Doel van het onderzoek is om vast te stellen hoe er met gegevensuitwisseling is omgegaan. Het onderzoek heeft tot dusver opgeleverd dat in een aantal gevallen sprake is geweest van ongeoorloofde gegevensuitwisseling. Bij het Openbaar Ministerie is aangifte gedaan van een geval.
Daarnaast is van alle bevindingen melding gedaan bij de Autoriteit Persoonsgegevens. Betrokken bedrijven en personen worden conform de Wet bescherming persoonsgegevens geïnformeerd.
Ongeoorloofde gegevensuitwisseling
Het onderzoek naar databeveiliging bij D&A is aangekondigd in het debat met de Tweede Kamer op 9 februari 2017. Het betreft een intern onderzoek uitgevoerd tussen februari 2016 en februari 2017 naar de informatiebeveiliging binnen de Belastingdienst. Basis voor het onderzoek zijn de loggingsgegevens van deze periode. Deze zijn geanalyseerd aan de hand van scenario’s voor gevallen van ongeoorloofde gegevensuitwisseling. Op basis van deze risicogerichte onderzoeksaanpak zijn tien gevallen geconstateerd waar sprake is van een vorm van ongeoorloofde gegevensuitwisseling. Het gaat hierbij om het volgende gevallen:
- Eén geval betreft een gerichte selectie van personen met persoonlijke informatie over hen. Deze informatie is door externe medewerkers naar buiten gebracht via de e-mail. Dit geval kan nog op geen enkele wijze worden verklaard vanuit het werk dat bij D&A gebeurt, zo stelt Wiebes in zijn brief. Op basis van deze onderzoeksbevindingen is aangifte gedaan.
- Vijf gevallen betreffen gegevens van één persoon die via e-mail naar buiten werden verstuurd. Het gaat hierbij volgens de staatssecretaris om een schending van de geldende normen, te meer daar er geen duidelijke relatie lijkt met het werk op deze afdeling. ‘Ten aanzien van betrokken medewerkers zal een integriteitsonderzoek worden gestart op basis waarvan disciplinaire maatregelen kunnen worden getroffen.
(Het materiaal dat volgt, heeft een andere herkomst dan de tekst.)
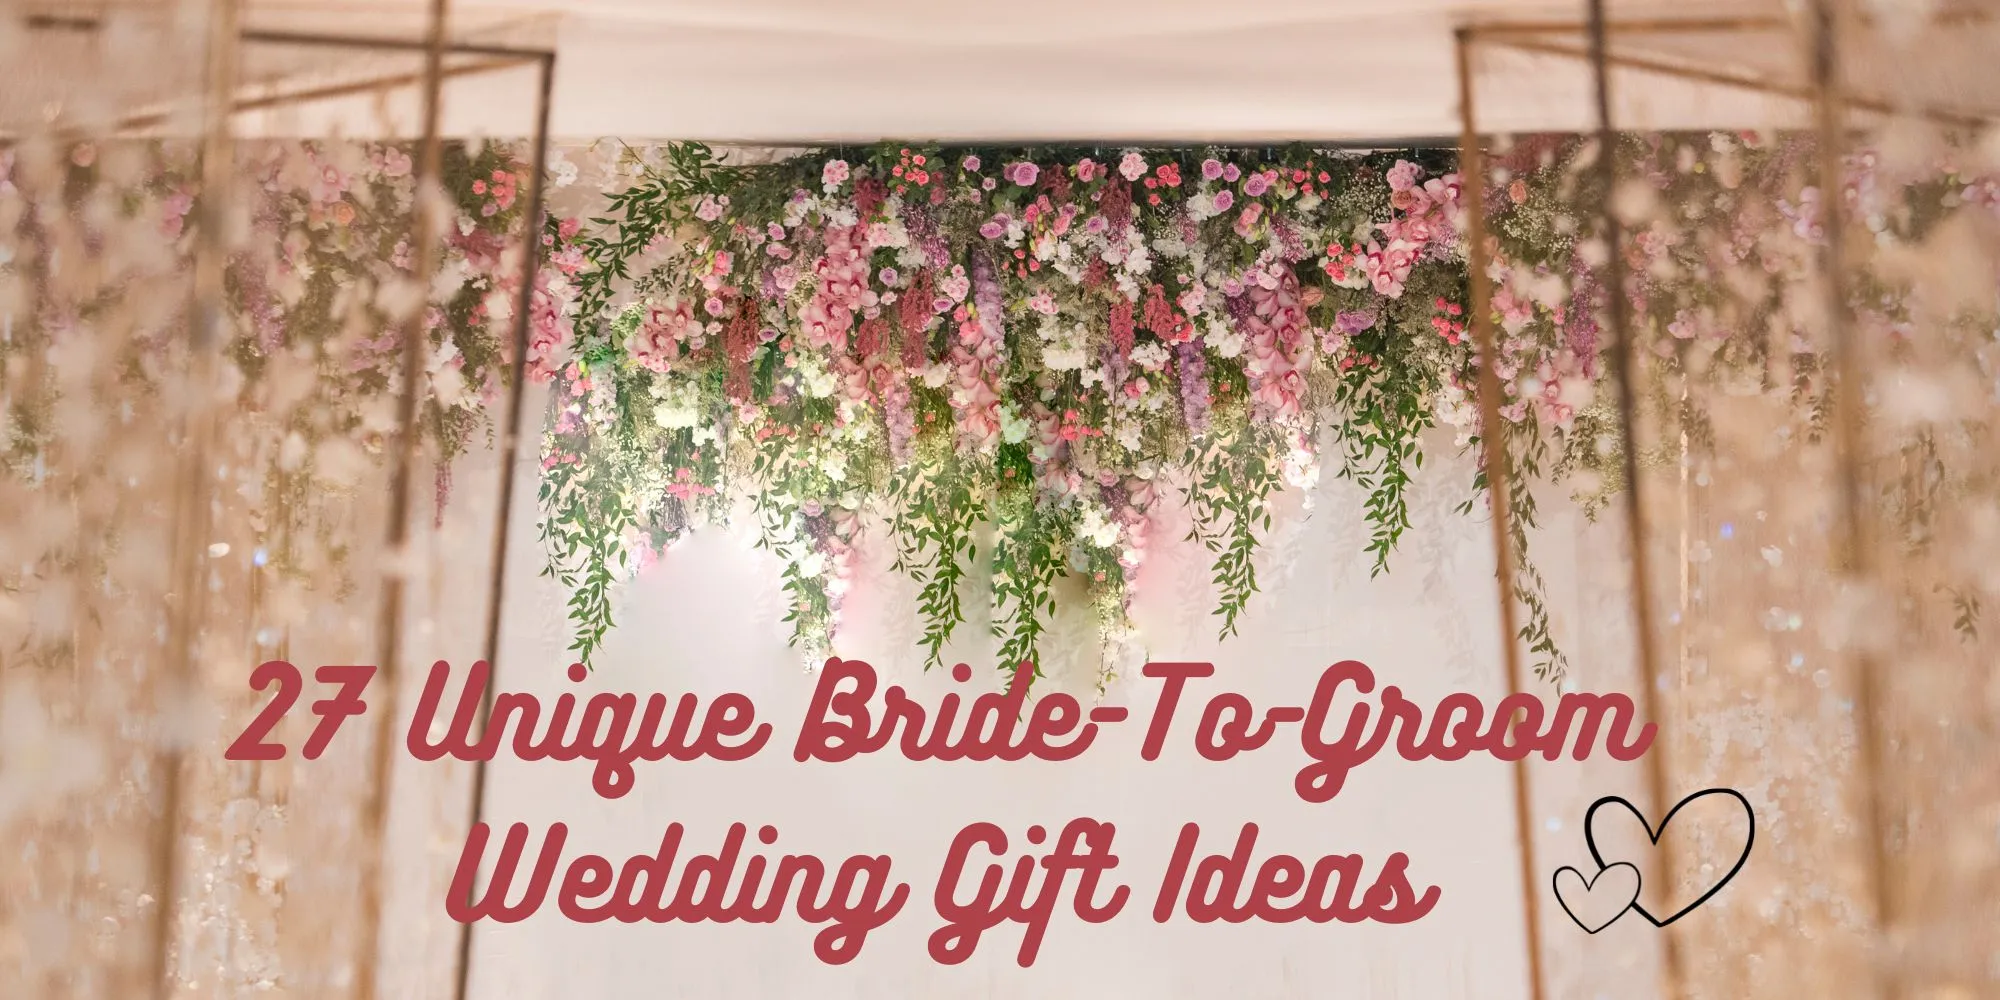 26 Unique Bride-to-Groom Wedding Gift Ideas

Ten aanzien van externe medewerkers zal de uitlenende organisatie worden gevraagd een integriteitsonderzoek te starten’, aldus de staatssecretaris.
- Bij twee gevallen, waarvan één met dubbele verzending, is nog nadere informatie nodig om vast te stellen of onzorgvuldig handelen danwel een integriteitsonderzoek aan de orde zijn. Dit betreffen selecties die vooralsnog werkgerelateerd lijken te zijn. Het gaat bijvoorbeeld om het extern bewerken van een bestand om dat na bewerking terug te plaatsen. De gegevens zijn soms wel en soms niet tot personen herleidbaar. De uitkomsten van deze selecties zijn via e-mail naar buiten gestuurd, wat niet had gemogen.
- Twee gevallen vereisen nader onderzoek om vast te stellen om wat voor gegevens het gaat, wat er met de gegevens is gebeurd en of de handelingen passen binnen het werk van de afdeling.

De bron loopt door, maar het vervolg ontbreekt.